Doel van het onderzoek
Primaire doelstelling:
Het beoordelen van de veiligheid en verdraagbaarheid van aducanumab gedurende
een behandeling van 100 weken na een washout-periode die voortvloeit uit het
stopzetten van de 'feeder'-onderzoeken, bij deelnemers die eerder aducanumab
ontvingen (d.w.z. eerder behandelde deelnemers) of die eerder placebo ontvingen
(d.w.z. behandelingsnaïeve deelnemers).
Verkennende doelstellingen:
1. Het beoordelen van de werkzaamheid van aducanumab op lange termijn aan de
hand van klinische eindpunten.
2. Het beoordelen van het langetermijneffect van aducanumab op
biomarker-eindpunten.
3. Het beoordelen van het langetermijneffect van aducanumab op PK-eindpunten.
Onderzoeksopzet
Deelname duurt ongeveer 3,5 jaar en bestaat uit 4 hoofdperiodes:
- de screeningsperiode van ongeveer 12 weken
- de basis behandelingsperiode, waarin onderzoeksdeelnemers het
onderzoeksmiddel ontvangen, van 100 weken
- de optionele lange termijnverlenging behandelingsperiode:. Als u
besluit deel te nemen, krijgt u het onderzoeksgeneesmiddel nog 52 weken
- een vervolgperiode, waarin onderzoeksdeelnemers het onderzoeksmiddel niet
meer ontvangen, van 18 weken.
Na een screeningsperiode krijgen de deelnemers die aan de geschiktheidscriteria
voldoen een open-labelbehandeling. Tijdens de behandelingsperiode die in totaal
100 weken duurt, krijgen de deelnemers ongeveer elke 4 weken een i.v. infuus
met aducanumab (in totaal 26 doses). In aanmerking komende deelnemers gaan dan
de LTE-behandelingsperiode in en gaan verder met de dosis 10 mg/kg aducanumab
Q4W gedurende nog eens 52 weken (in totaal 152 weken continue behandeling). Het
bezoek aan het einde van de behandeling vindt plaats in week 154. De deelnemers
hebben 18 weken na hun laatste dosis onderzoeksmiddel een
veiligheidsvervolgbezoek.

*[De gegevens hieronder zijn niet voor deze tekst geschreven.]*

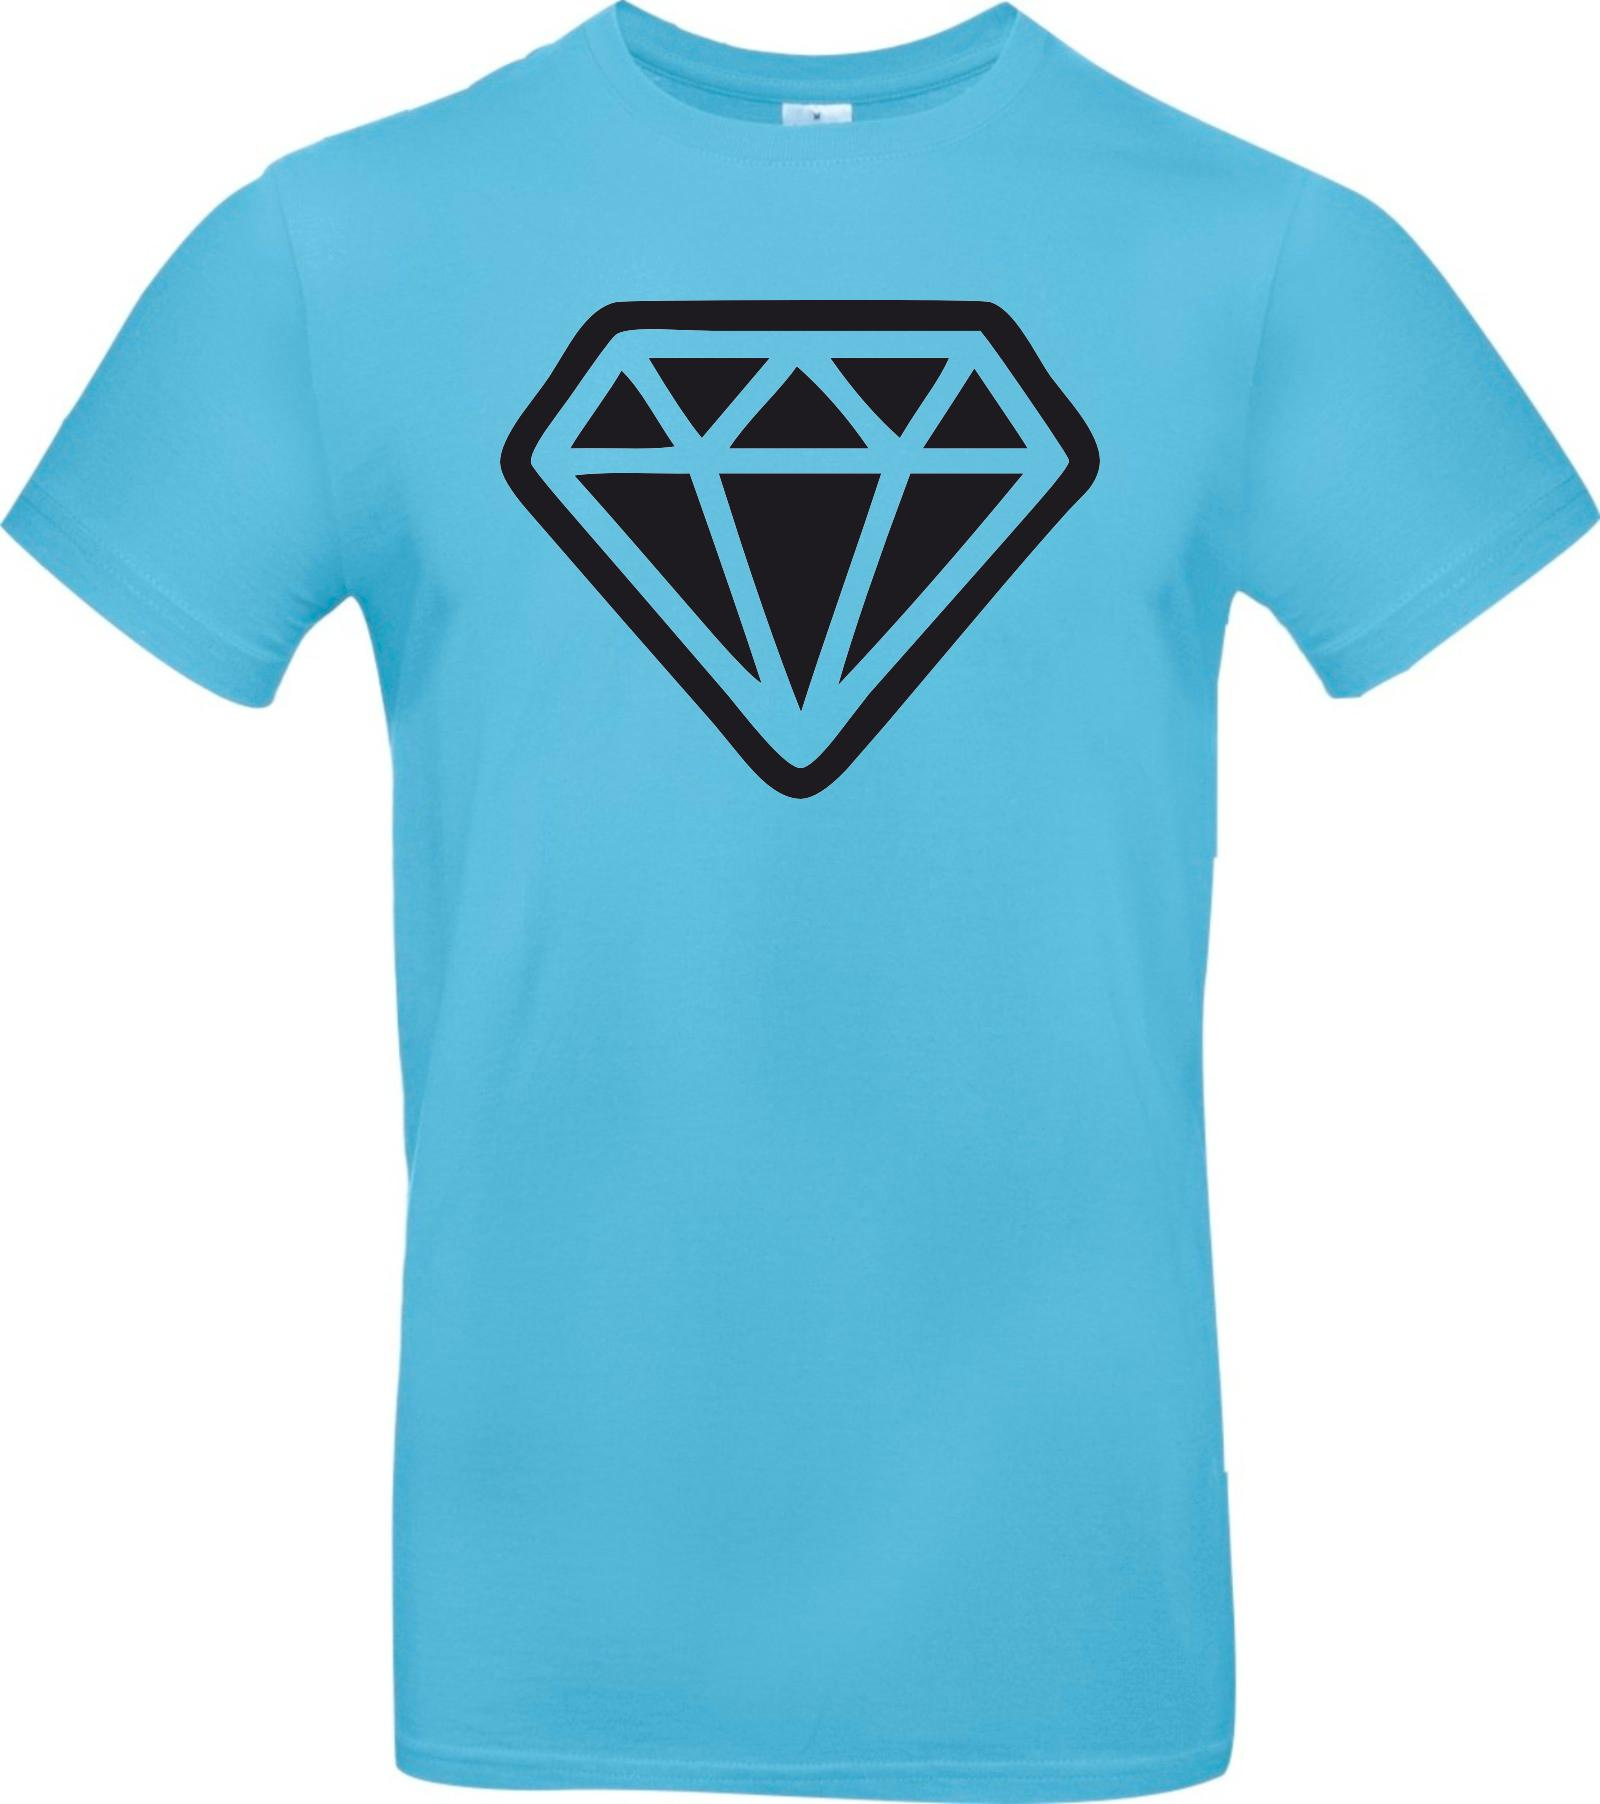 TOP-Kinder-Shirt-Diamant

Voor deelnemers die niet deelnemen aan de LTE vindt
dit vervolgbezoek plaats in week 118.
Onderzoeksproduct en/of interventie
Tijdens de behandelingsperiode krijgt de onderzoeksdeelnemer gedurende ongeveer 2 jaar het onderzoeksmiddel eenmaal per maand (om de 4 weken) toegediend in de vorm van een infuus in een ader. De onderzoeksdeelnemers krijgen 26 infusen en elke infuustoediening duurt ongeveer 1 uur. Tijdens de LTE-behandelperiode krijgen de onderzoeksdeelnemer het onderzoeksmiddel nog eens 52 weken (nog eens 13 doses). Aangezien dit een open-labelonderzoek is, weten de onderzoeksdeelnemer en de onderzoeker welke dosis hij/zij krijgt. De onderzoeksdeelnemers ontvangen het onderzoeksmiddel aducanumab in toenemende doses, als volgt: o infuus 1 en 2 (week 1 en 4): 1 mg/kg o infuus 3 en 4 (week 8 en 12): 3 mg/kg o infuus 5 en 6 (week 16 en 20): 6 mg/kg o infuus 7 tot en met 39 (om de 4 weken gedurende week 24-100): 10 mg/kg
Inschatting van belasting en risico
Er zijn momenteel geen therapieën beschikbaar die het klinisch beloop van de
ziekte van Alzheimer veranderen. Analyses van de gegevens die verzameld zijn
tot het einde van het onderzoek (de database van onderzoek 301 werd gesloten op
15 november 2019 en die van onderzoek 302 op 13 november 2019, met censurering
van werkzaamheidsgegevens na 20 maart 2019), in beide klinische fase
3-onderzoeken met aducanumab, toonden aan dat in onderzoek 302 de behandeling
met aducanumab de klinische achteruitgang van patiënten met de ziekte van
Alzheimer in een vroeg stadium significant verminderde in de groep met een hoge
dosis, gemeten aan de hand van het vooraf gespecificeerde primaire eindpunt
(CDR-SB) en drie secundaire eindpunten (ADAS-Cog 13, MMSE en ADCS-ADL-MCI).
Daarnaast waren in onderzoek 301 ondersteunende gegevens verkregen, gebaseerd
op post-hoc analyses van subsets van deelnemers die voldoende blootgesteld
waren aan de hoogste dosis aducanumab (10 mg/kg).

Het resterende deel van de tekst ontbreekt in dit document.